I tried to do something along these lines a few years back where the hardware would only post to the server on a step change in the power signal, the code is still up here as part of the appliance inference work I was experimenting with: http://openenergymonitor.org/emon/buildingblocks/appliance-inference

The problem was that it was failing when events happened too frequently, ie a thermostat controlled cooker cycling on and off. The event detection algorithm relied upon two 5 datapoint segments next to each other, when the difference between the average of the segments where larger than a threshold an event would be registered. A 10 datapoint segment spanning ~ 100s at 10s per datapoint or 50 seconds at 5s is too large and will miss events that happen to frequently. The other problem with this approach is that it wont work for temperature data which is more a change of gradient than power data steps.

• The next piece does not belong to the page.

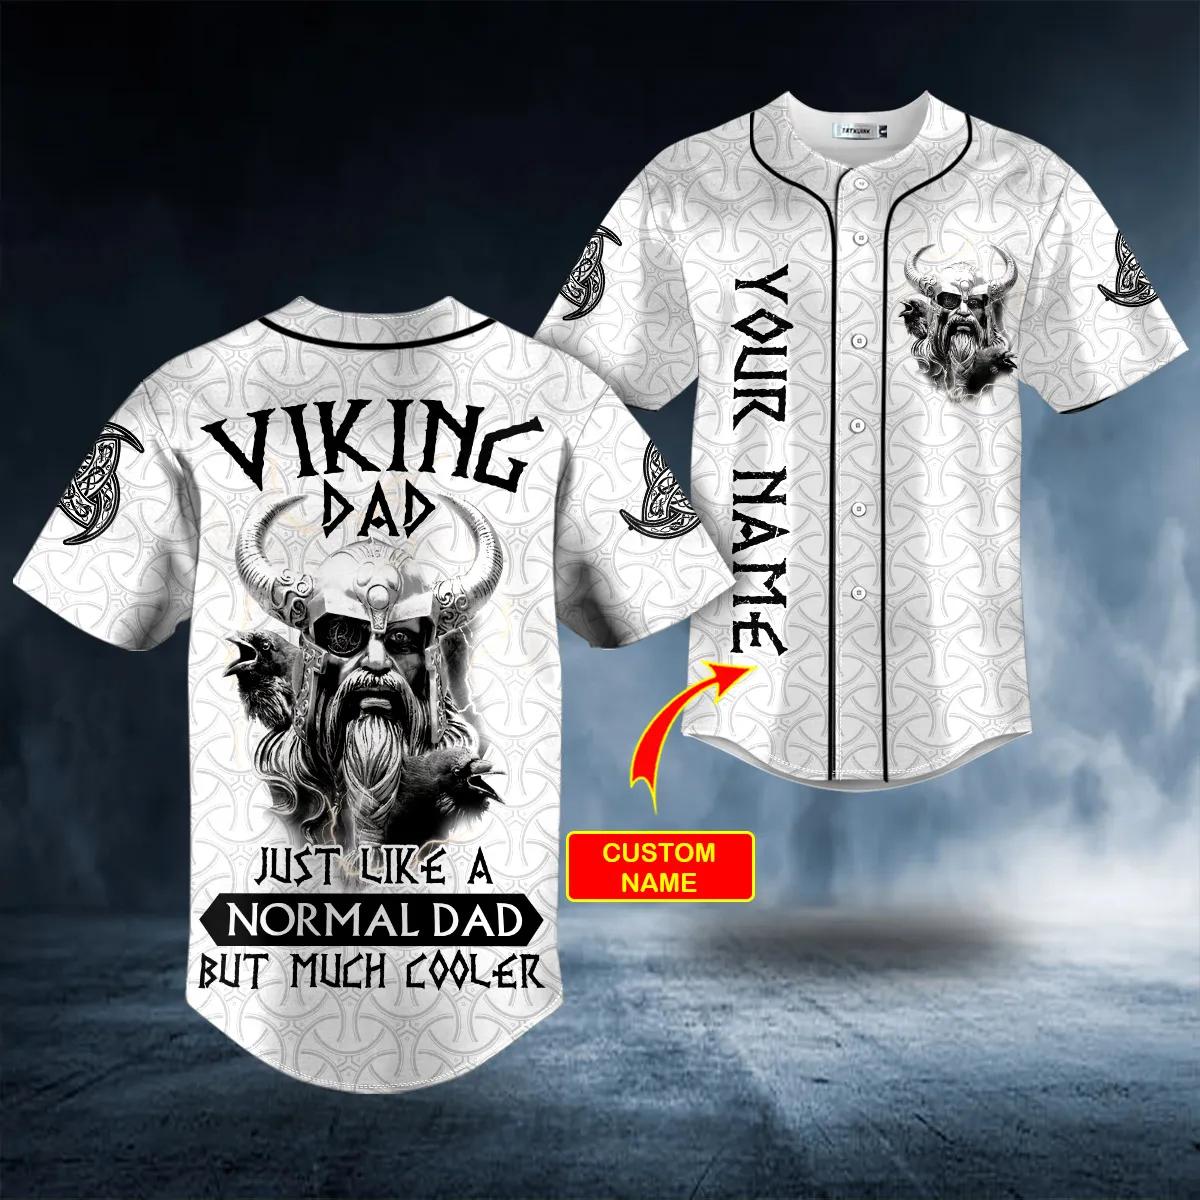 viking dad just like a normal dad but much cooler custom baseball jersey 7948 5HsyO

Anyway with the problem of large emoncms disk space demand I have been thinking about this idea again. Could it be used to reduce disk space use significantly without loosing vital timing on events that would happen by just reducing the post interval rate. I had a good conversation with the guys at houseahedron https://twitter.com/Housahedronwho came to visit last week about this, they had been thinking along similar lines and saw parallels with an approach used in path plotting, they took a couple of example datasets back with them to see if they can find a way to parse it.

The screenshot below shows the solar hot water pump coming on for 40 mins at the beginning of a bright sunny day. The raw data would use 720 datapoints at a 10s post interval to describe the plot. Overlayed on the raw data plot I have drawn a second line that only has datapoints where needed to keep the standard deviation between the lines roughly within an acceptable limit, in this case 10 datapoints seems to be enough to do this. If this kind of datapoint reduction rate is typical then a 60Mb mysql table with the current emoncms implementation might only take up 0.83Mb of space per year.

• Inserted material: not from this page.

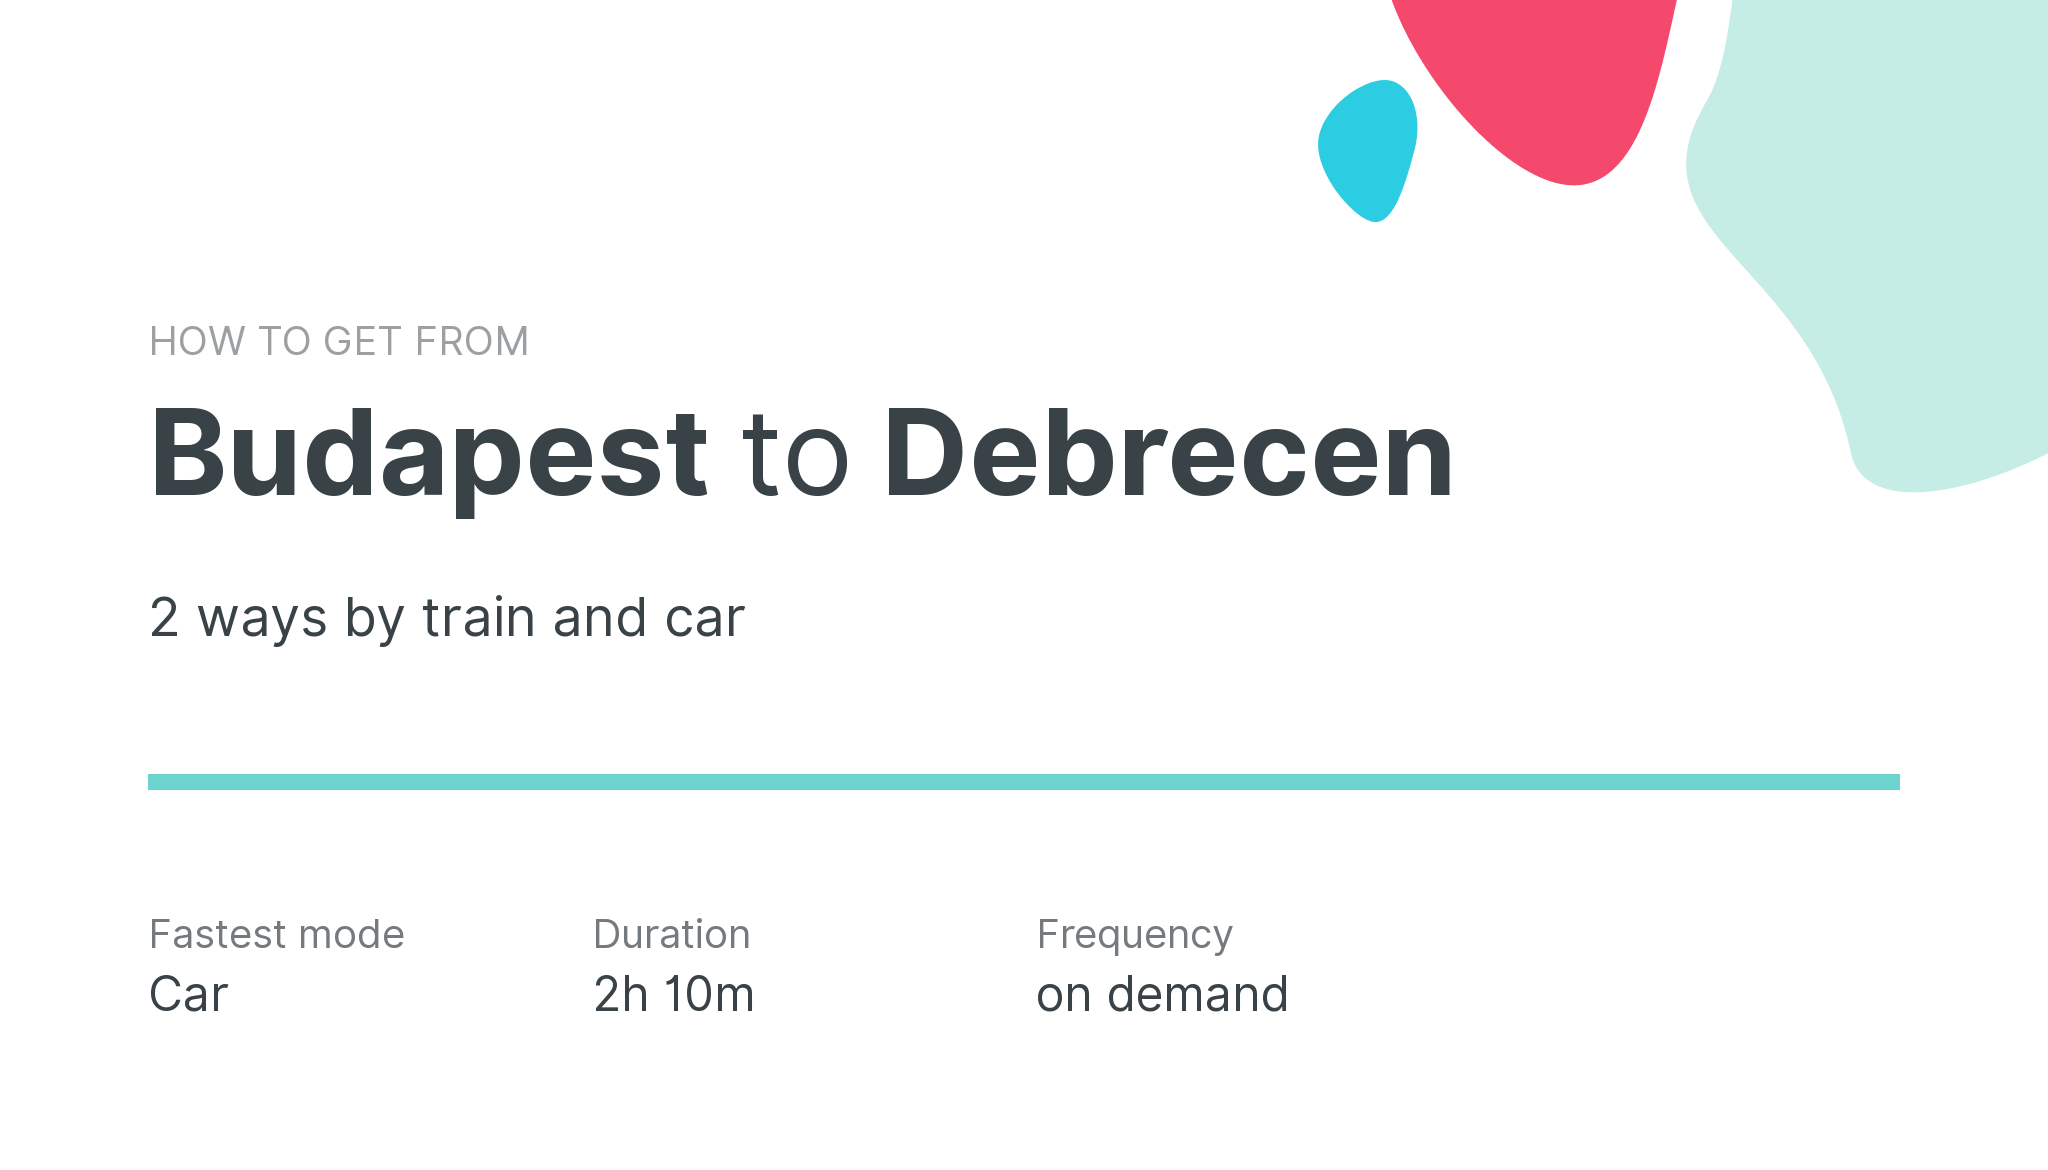 How do I get from Budapest to Debrecen

Zooming in a bit, rather than 270 datapoints, this could be described with 8. (at this datapoint reduction rate 60Mb would compress to ~1.8Mb)


In addition to reducing disk space, it may be possible to use this technique to increase the resolution of our measurement as we are oversampling in regions where there are no large changes

This atmel appnote describes how to use oversampling and decimation to achieve greater measurement resolution:
http://www.atmel.com/Images/doc8003.pdf

I think there are two main development questions facing this idea:
  1. Can a good enough algorithm be developed to compress the data while retaining the detail we want.
  2. What are the implications for data query speeds?
The above said, I think timestore looks like the leading solution at the moment for data storage and fast query speeds. With timestore we can achieve an 80% reduction in disk space demand from 60Mb per 10s feed per year to 12.3 Mb, this would reduce the disk space use on emoncms.org from 47GB to 9.6GB, disk space use would increase at 20GB per year (costing £96 per 20GB stored inc backup instead of £480/year) and most of its already there in terms of implementation.

It might just be interesting to explore the datapoint reduction idea in parallel to see if further disk space reductions can be achieved but without sacrificing on query speeds which is the open question. If feeds could be compressed to 1.8Mb from 60Mb emoncms.org disk use would shrink from 47GB to 1.2GB and disk space would increase at a rate of 2.6 GB a year which would make server disk space costs pretty negligible.